RED-THROATED LOON. Gavia lumme [stellata]
25.00 in.

Ad. in summer.— Head and neck lead-gray; back of the neck streaked with white; fore neck rich chestnut; upper parts speckled with white; breast and belly white. Ad. in winter and Im.— Upper parts, wings, and tail blackish-brown, speckled with white; throat, fore neck, and rest of under parts white.

The Red-throated Loon is a common migrant along the sea-coast in September and October, and again in April, and a not uncommon winter visitant. It occasionally occurs on large inland waters, as at Springfield, Mass., and on the Hudson. The adult breeding plumage with the red throat is very rare. Its feeding habits resemble those of the following species. The two species resemble each other so closely in winter that it is difficult to be sure of the smaller species unless there is something else to measure it by, or unless one gets near enough to see the white speckling on the back.

[COMMON] LOON. Gavia immer
32.00 in.

Ad. in summer.— Head and throat black; small white streaks on the throat and on the back of the neck; back black, spotted with white; breast and belly white. Ad. in winter and Im.— Upper parts brown, not spotted with white; throat, fore neck, and under parts white.

Nest, a rude structure of rushes, very near the water. Eggs, brown or greenish-brown, sparingly spotted with dark brown.

The Loon is a summer resident of northern New York and New England, occurring sparingly on the more remote bodies of water from the neighborhood of Mt. Monadnock northward, and commonly in the wilder portions of Maine and of the Adirondacks. It is a common winter visitant off the coast of New York and New England, and may occur as a migrant in May and September on any inland pond or lake.
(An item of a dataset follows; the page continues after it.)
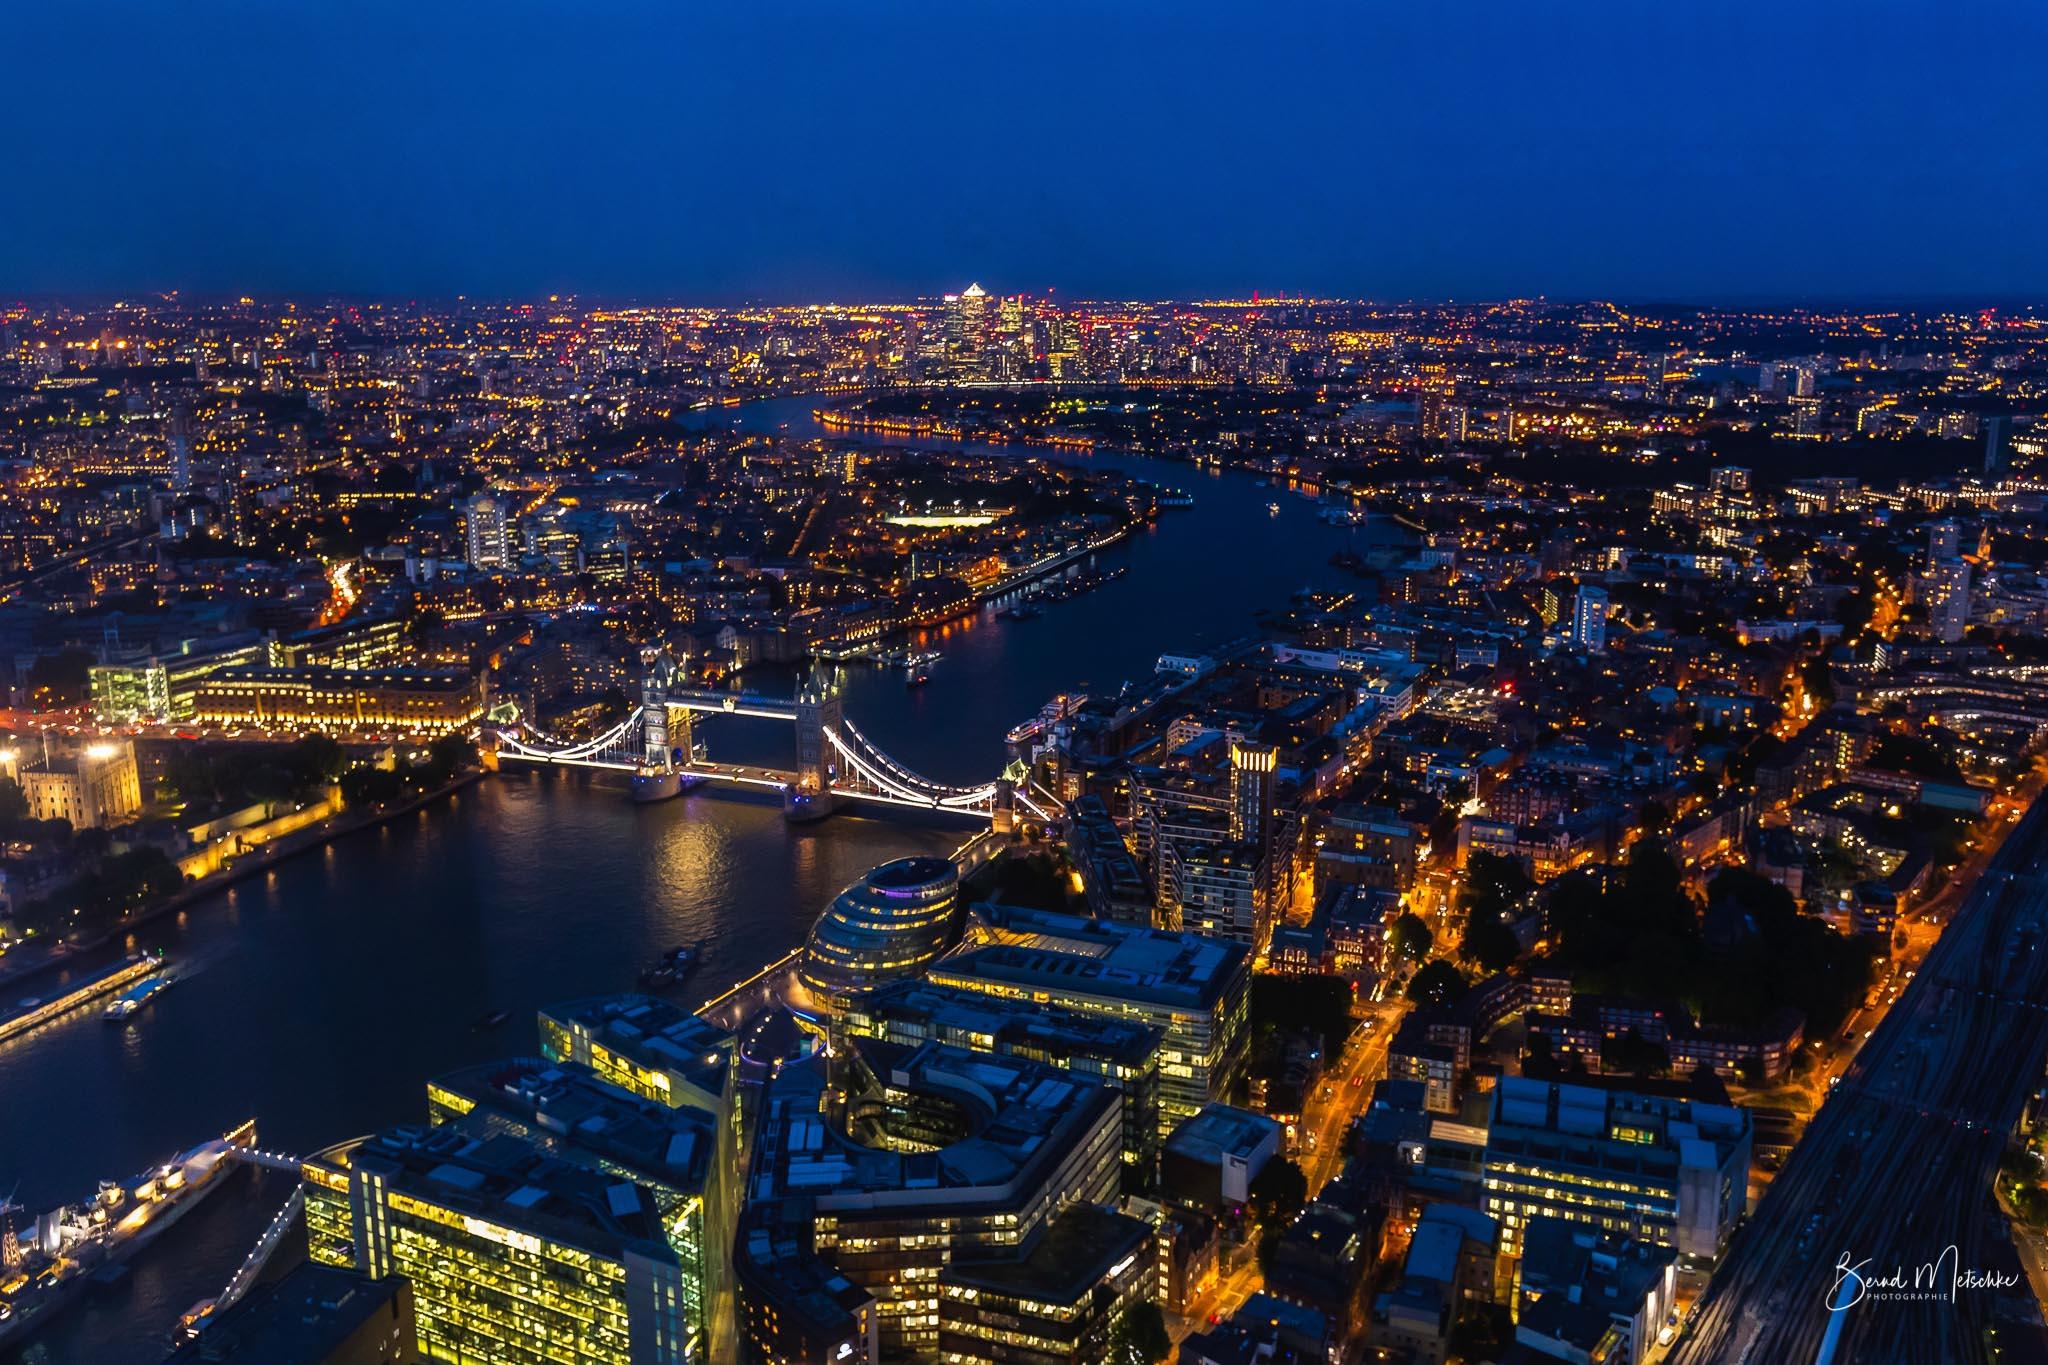 Nacht in London

It may be found during the summer on the coast of Maine, though it does not breed there.

Its weird notes are a familiar sound on the northern lakes or harbors: one, loud and clear, with a rising inflection in the middle, falling at the end; the other, quavering, like unearthly laughter. On the water, the Loon rides either high, so that its white breast is visible at a great distance, or so low that only its neck appears above water. It dives with a forward spring, heels over head. When it starts to fly, it patters over the surface for a long distance before it gets under way, and when there is no breeze, it cannot rise at all; on land, it is almost helpless. It flies with neck stretched out in front, feet out behind, the whole figure forming a slight curve; the wing strokes are rapid, suggesting a duck. It enters the water with a splash.

The adult bird, with its contrast of black and white, is unmistakable. Immature birds and adults in winter resemble very closely the preceding species; their greater size, however, should distinguish them if the two species are together, or on a near view the absence of the spotted back is a good field-mark.